The | First Monday In May
The Spectacle of Hierarchy: Curatorial Authority, Cultural Diplomacy, and the Labor of Luxury in The First Monday in May
Bolton represents the traditional museum ideal: scholarly rigor, aesthetic sensitivity, and a deferential approach to source cultures. In one pivotal scene, Bolton agonizes over a video installation by Chinese artist Yang Fudong, worrying that juxtaposing contemporary Chinese cinema with imperial robes might be “orientalist.” His vocabulary is one of anxiety and reflexivity. The First Monday In May
The film’s title itself is ironic. The “First Monday in May” is the Met Gala—an event that, in 2015, had become a global media spectacle. But the film spends only its final 25 minutes on the Gala itself. The preceding 65 minutes are devoted to research, installation, negotiation, and doubt. Rossi’s argument, therefore, is that the real story is not the red carpet, but the invisible labor and ethical compromise that make the red carpet possible. The “First Monday in May” is the Met
The film’s climax is not the Gala itself, but the morning after, when the museum opens to the public. Rossi films a young Chinese-American woman staring at a Guo Pei dress next to a Tang dynasty horse. She whispers to her friend, “It’s like they’re talking to each other.” For a brief moment, the curatorial thesis—that objects across time can converse—achieves its intended effect. The film suggests that despite the corruption of the fundraising machine, the democratic encounter between a visitor and an object remains the museum’s core redemption. The First Monday in May ultimately performs a double gesture. On one hand, it is a hagiography of Andrew Bolton and, by extension, the Costume Institute’s ability to elevate fashion to the status of fine art. On the other hand, it is a sharp ethnographic critique of how money, celebrity, and Western institutional power shape narratives about other cultures.

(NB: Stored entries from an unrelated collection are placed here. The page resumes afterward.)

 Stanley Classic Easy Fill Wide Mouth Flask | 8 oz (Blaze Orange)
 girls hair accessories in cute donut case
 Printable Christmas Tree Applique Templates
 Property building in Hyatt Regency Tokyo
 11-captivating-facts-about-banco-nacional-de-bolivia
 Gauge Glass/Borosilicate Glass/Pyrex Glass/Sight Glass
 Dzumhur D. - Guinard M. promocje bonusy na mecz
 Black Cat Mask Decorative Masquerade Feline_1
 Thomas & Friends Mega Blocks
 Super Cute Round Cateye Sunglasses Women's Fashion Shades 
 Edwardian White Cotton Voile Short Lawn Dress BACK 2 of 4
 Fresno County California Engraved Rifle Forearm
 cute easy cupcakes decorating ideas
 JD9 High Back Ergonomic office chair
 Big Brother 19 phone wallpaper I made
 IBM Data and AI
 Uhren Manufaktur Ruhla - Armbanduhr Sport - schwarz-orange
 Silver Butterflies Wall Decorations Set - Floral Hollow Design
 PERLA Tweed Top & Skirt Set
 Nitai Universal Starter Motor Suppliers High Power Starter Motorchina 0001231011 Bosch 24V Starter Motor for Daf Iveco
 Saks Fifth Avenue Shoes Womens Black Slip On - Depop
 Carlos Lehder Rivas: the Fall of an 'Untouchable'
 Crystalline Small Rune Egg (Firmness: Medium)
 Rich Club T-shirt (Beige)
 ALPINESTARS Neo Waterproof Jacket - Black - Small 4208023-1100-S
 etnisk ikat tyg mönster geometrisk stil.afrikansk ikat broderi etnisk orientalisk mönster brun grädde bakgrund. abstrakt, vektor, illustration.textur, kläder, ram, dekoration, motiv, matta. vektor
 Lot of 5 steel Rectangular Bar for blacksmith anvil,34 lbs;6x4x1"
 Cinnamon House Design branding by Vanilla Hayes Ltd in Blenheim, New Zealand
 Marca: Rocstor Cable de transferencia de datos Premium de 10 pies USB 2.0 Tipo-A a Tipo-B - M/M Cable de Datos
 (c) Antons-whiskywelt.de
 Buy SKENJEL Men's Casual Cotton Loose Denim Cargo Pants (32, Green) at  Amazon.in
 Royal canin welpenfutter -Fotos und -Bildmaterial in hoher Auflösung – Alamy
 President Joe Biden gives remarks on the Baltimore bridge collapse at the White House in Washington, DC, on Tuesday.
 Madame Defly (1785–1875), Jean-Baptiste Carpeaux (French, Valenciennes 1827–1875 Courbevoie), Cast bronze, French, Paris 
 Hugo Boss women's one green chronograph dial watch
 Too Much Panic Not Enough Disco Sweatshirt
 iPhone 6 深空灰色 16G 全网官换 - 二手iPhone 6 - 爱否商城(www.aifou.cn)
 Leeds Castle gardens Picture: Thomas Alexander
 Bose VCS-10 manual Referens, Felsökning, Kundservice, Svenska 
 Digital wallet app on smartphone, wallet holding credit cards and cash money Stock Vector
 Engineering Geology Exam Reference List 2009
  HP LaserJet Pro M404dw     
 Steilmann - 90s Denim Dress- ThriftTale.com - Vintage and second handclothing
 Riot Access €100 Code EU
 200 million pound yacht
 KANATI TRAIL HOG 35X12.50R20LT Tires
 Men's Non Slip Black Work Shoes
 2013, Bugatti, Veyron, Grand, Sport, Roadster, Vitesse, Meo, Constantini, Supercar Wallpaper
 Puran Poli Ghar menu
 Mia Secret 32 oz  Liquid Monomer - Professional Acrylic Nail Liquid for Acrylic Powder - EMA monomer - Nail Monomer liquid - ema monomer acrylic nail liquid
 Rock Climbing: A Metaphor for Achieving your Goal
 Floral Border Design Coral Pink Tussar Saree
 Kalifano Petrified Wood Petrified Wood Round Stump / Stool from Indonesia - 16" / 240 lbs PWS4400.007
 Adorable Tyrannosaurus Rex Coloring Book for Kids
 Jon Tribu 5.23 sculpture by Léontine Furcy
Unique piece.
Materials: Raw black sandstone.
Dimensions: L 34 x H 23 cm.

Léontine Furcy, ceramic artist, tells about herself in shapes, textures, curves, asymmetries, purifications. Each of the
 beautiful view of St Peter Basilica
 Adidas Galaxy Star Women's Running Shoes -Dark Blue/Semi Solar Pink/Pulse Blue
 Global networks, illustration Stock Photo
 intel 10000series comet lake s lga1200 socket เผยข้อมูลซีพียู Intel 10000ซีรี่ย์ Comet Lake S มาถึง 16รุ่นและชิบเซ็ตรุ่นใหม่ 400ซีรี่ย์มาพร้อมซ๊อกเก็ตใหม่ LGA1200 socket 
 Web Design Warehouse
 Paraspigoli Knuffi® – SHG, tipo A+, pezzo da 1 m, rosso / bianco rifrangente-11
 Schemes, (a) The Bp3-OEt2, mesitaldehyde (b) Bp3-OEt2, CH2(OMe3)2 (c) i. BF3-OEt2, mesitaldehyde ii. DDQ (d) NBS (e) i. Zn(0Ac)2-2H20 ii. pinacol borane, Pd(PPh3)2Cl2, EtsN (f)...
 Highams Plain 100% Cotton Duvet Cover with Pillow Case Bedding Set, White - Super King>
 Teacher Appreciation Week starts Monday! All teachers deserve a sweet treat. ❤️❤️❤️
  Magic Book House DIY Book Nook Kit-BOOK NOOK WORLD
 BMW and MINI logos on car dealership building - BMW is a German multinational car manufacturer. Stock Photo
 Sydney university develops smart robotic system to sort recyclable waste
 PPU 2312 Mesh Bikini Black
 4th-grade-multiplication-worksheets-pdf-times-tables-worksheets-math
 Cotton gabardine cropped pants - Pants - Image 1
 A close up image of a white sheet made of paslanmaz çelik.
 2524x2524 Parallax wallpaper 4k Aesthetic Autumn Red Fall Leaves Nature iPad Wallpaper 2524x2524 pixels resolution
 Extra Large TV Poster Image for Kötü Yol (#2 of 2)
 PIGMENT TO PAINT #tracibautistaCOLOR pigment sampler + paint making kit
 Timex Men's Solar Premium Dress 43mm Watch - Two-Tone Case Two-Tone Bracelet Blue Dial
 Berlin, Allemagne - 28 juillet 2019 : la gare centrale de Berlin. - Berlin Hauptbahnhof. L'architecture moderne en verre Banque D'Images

Rossi’s argument, therefore, is that the real story
In a meeting with Chinese museum consultants and scholars, Bolton presents his thesis: that Western designers (Galliano, Saint Laurent, Poiret) misappropriated Chinese iconography, yet in doing so, created a new artistic language. The Chinese delegates listen politely before one notes: “You are showing Western fantasies about China, but you have almost no contemporary Chinese designers in the main galleries.” Bolton’s response—that the exhibition is about the Western “look” of China, not China itself—is met with silence.
For scholars of museum studies, fashion theory, and cultural diplomacy, the film remains an essential primary text. It asks a question that it cannot answer: In an era of neoliberal arts funding, can major institutions produce intellectually honest exhibitions when their survival depends on the very celebrity-industrial complex they claim to merely observe?